Documentation and examples

This would require documentation in at least these places:

Backwards compatibility

An extensible union is explicitly not backwards compatible with a “static” union.

Performance

No impact on performance when not used. Negligible performance impact during build time.

Security

No impact on security.

Testing

Unit tests in the compiler, unit tests for encoding/decoding in various language bindings, and compatibility test to check various language bindings together.

Drawbacks, alternatives, and unknowns

Extensible unions are less efficient than non-extensible unions.
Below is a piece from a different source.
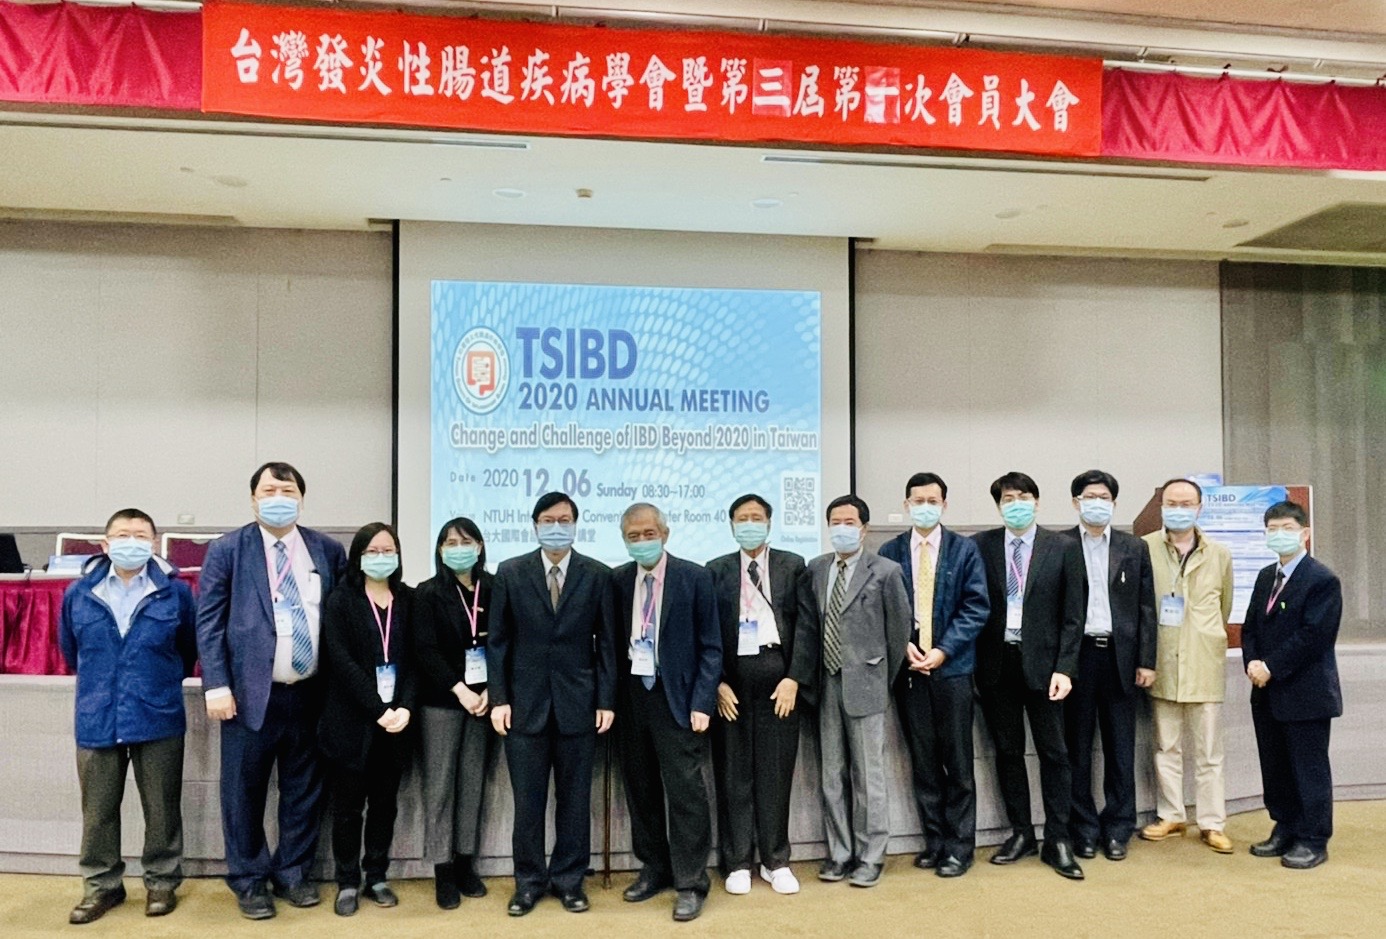 2020 12/6 TSIBD Annual Meeting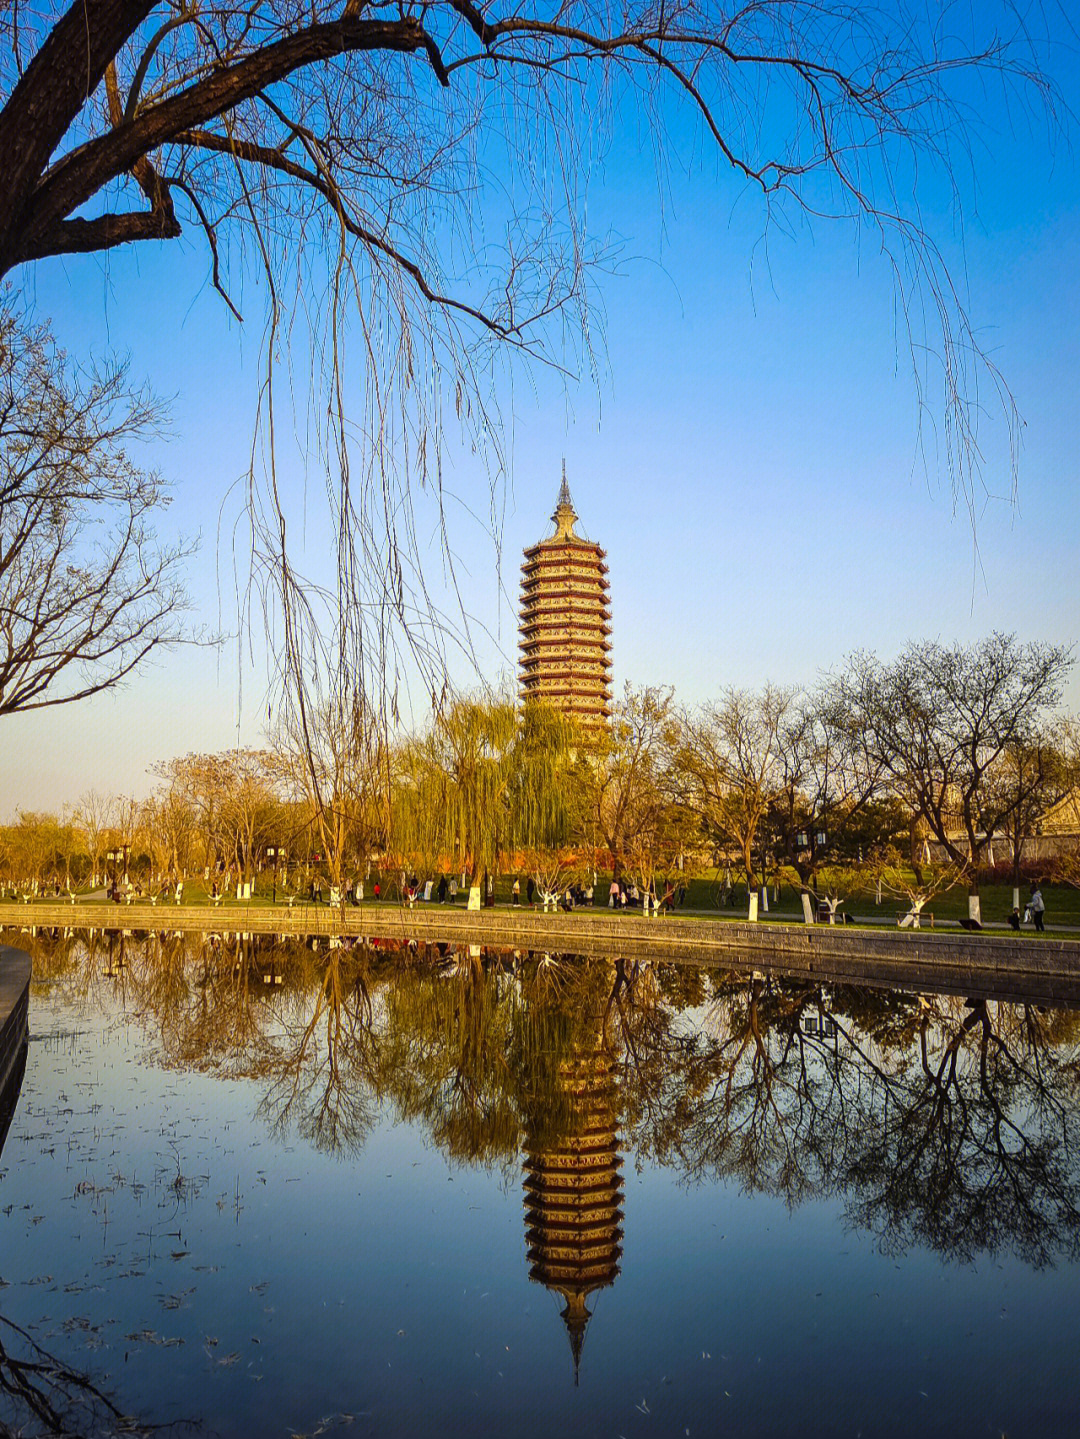 北京通州旅游景点排名图片

Furthermore, non-extensible unions are not expressible through other means in the language. As such, we propose both features living side by side.

However, we could decide that only extensible unions should exist, and do away with unions as currently defined. This would go against various places in Fuchsia where unions represent performance critical messages, and where there is little extension expectation, e.g. fuchsia.io/NodeInfo, fuchsia.net/IpAddress.
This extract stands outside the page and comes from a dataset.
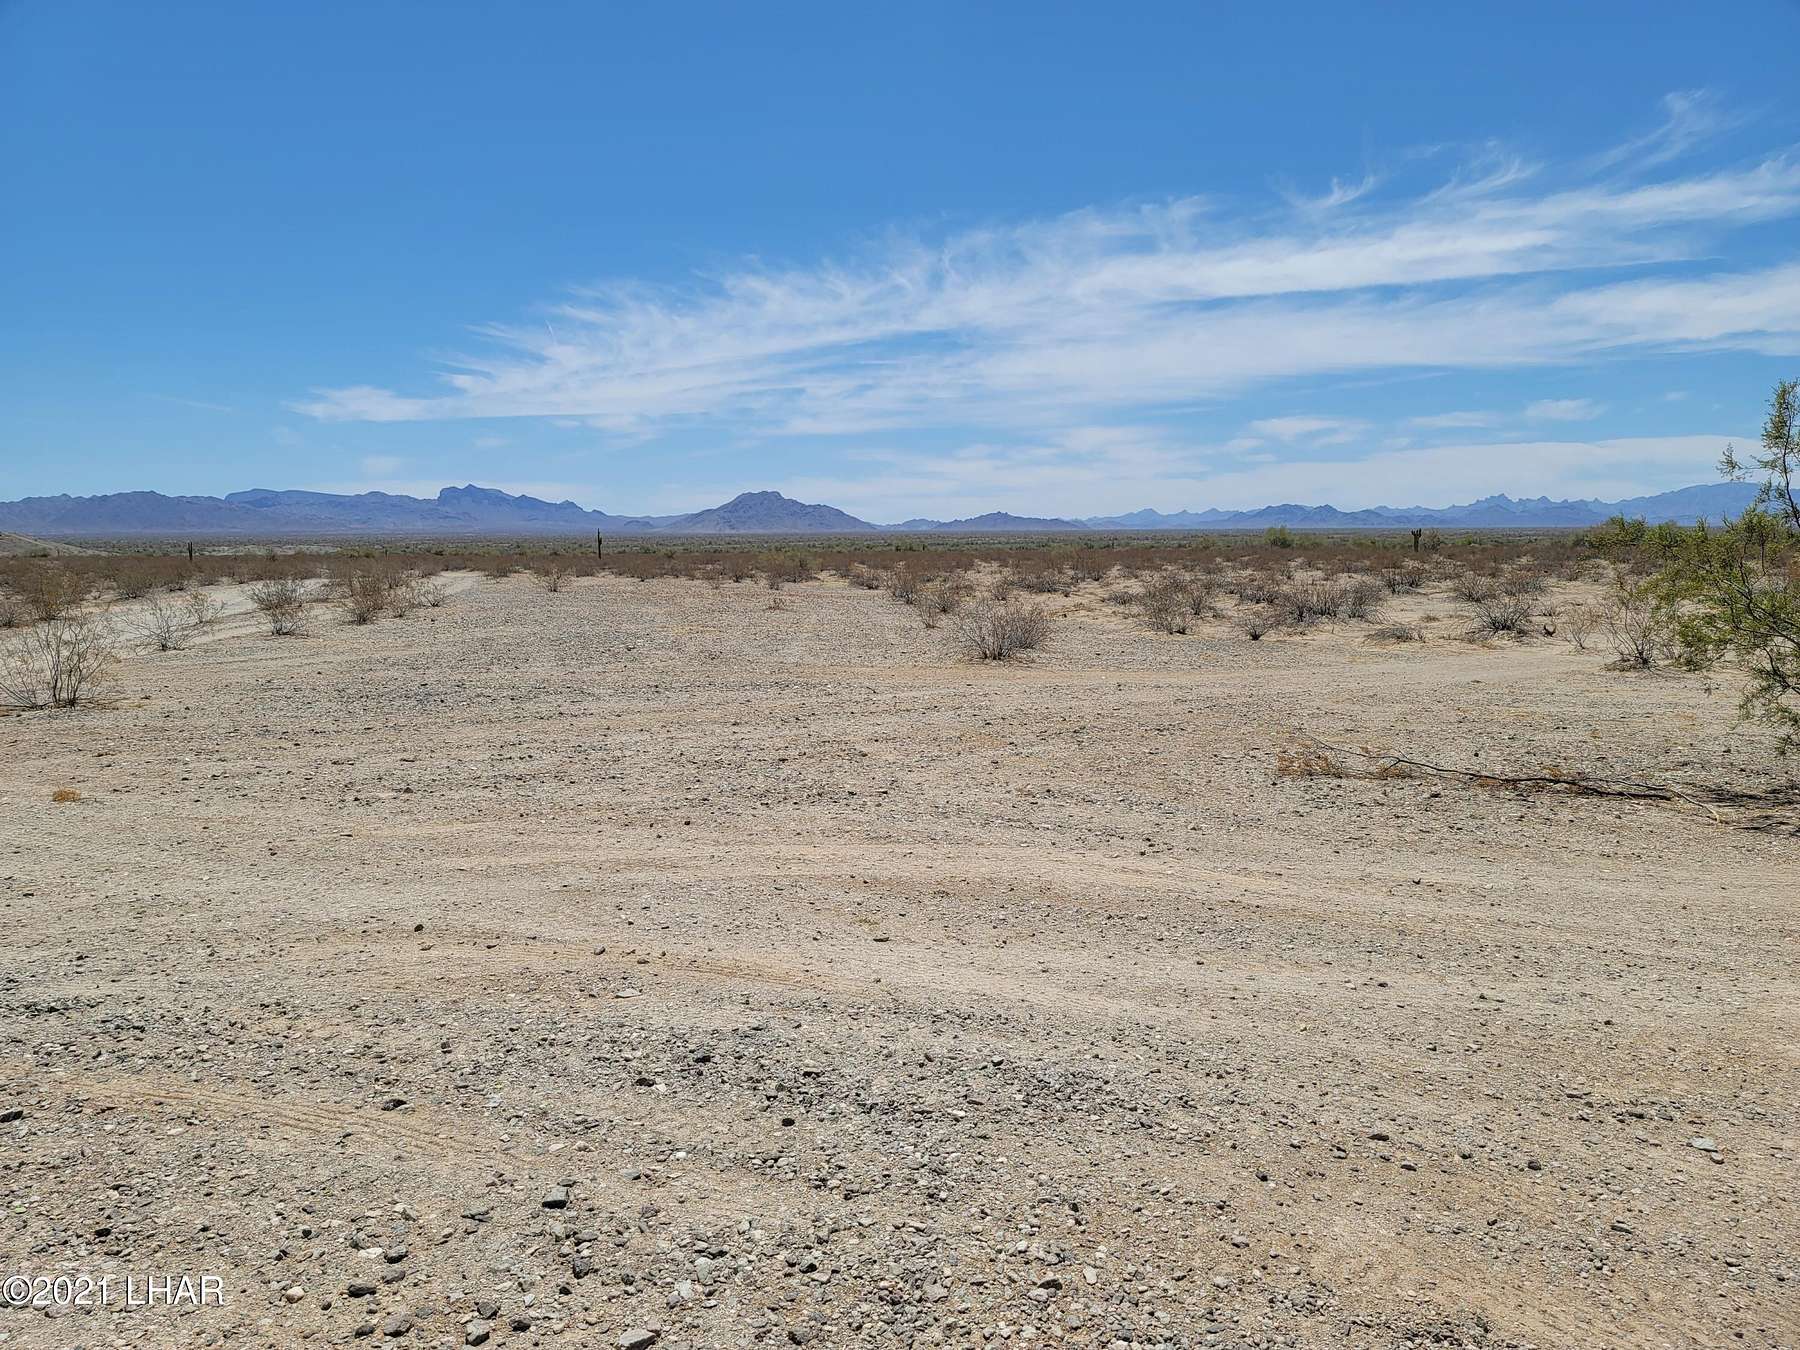 597 Acres of Land for Sale in Quartzsite, Arizona

Pros and Cons of Keeping Static Unions

Pros

  • Compared to a union, an extensible union incurs an 8 byte cost (for the size of the envelope, and number of handles). Additionally, extensible unions' data is always stored out-of-line (i.e., an additional 8 bytes for the data pointer), whereas only nullable unions' data are stored out-of-line.
  • Because of the encoding of unions, it is not possible to express them with other primitives in FIDL. As such, should they be removed from the language, some classes of messages could not be expressed anymore as compactly and efficiently.
  • In some cases, and depending on their use, unions can be represented as efficiently but differently; however, that is the exception not the norm. One example that could be rewritten without using union is the fuchsia.net.stack/InterfaceAddressChangeEvent used only in the fuchsia.net.stack/InterfaceAddressChange where the InterfaceAddress could directly be written, with an enum to indicate whether it is added or removed.

Cons

  • Keeping both static unions and extensible unions forces complexity in the compiler, the JSON IR, all backends, as well as encoding/decoding. The gains are minimal: the size difference is marginal, in a world where FIDL encoding is not particularly size efficient in the first place. Furthermore, decoding of extensible unions can be done in place if needed.
  • As an example of how minimal the gains are, here is the analysis for fuchsia.io/NodeInfo:
    • Today NodeInfo has 6 options: service (size 1), file (size 4), directory (size 1), pipe (size 4), vmofile (size 24), device (size 4).
    • As such, the total size of a NodeInfo is always 32 bytes, i.e., tag + max(size of options) = 8 + 24 = 32.
    • With extensible unions, NodeInfo size would depend on the option being encoded. There is always a 16 byte ‘tax’ (vs. 8), so the respective sizes would be: service = 24, file = 24, directory = 24, pipe = 24, vmofile = 40, device = 24.
    • So, in all cases, we're shaving off 8 bytes, except in the case of a vmofile where we are adding an additional 8 bytes.
  • The complexity in the language of having both static unions and extensible unions is also a worry. We expect library authors to waver between using one vs the other, when choosing extensible unions is a safer long term choice, for very little cost.

All in all, we decided to replace static unions with extensible unions.

Tag vs Ordinal

We use ordinal to denote the internal numeric value assigned to fields, i.e., the value calculated through hashing. We use tag to denote the representation of the variants in bindings: in Go this may be constants of a type alias, in Dart this may be an enum.

The fidlc compiler deals with ordinals only. Developers would most likely deal with tags only. And bindings provide translation from the high-level tag, to the low-level internal ordinal.

No Empty Extensible Unions

During the design phase, we considered having extensible unions be empty. However, we chose to disallow that in the end: choosing a nullable extensible union with a single variant (e.g., an empty struct) clearly models the intent. This also avoids having two “unit” values for extensible unions i.e., a null value and an empty value.

Prior art and references

  • Protocol buffers has oneof.
  • FlatBuffers‘s unions aren’t extensible except under special circumstances.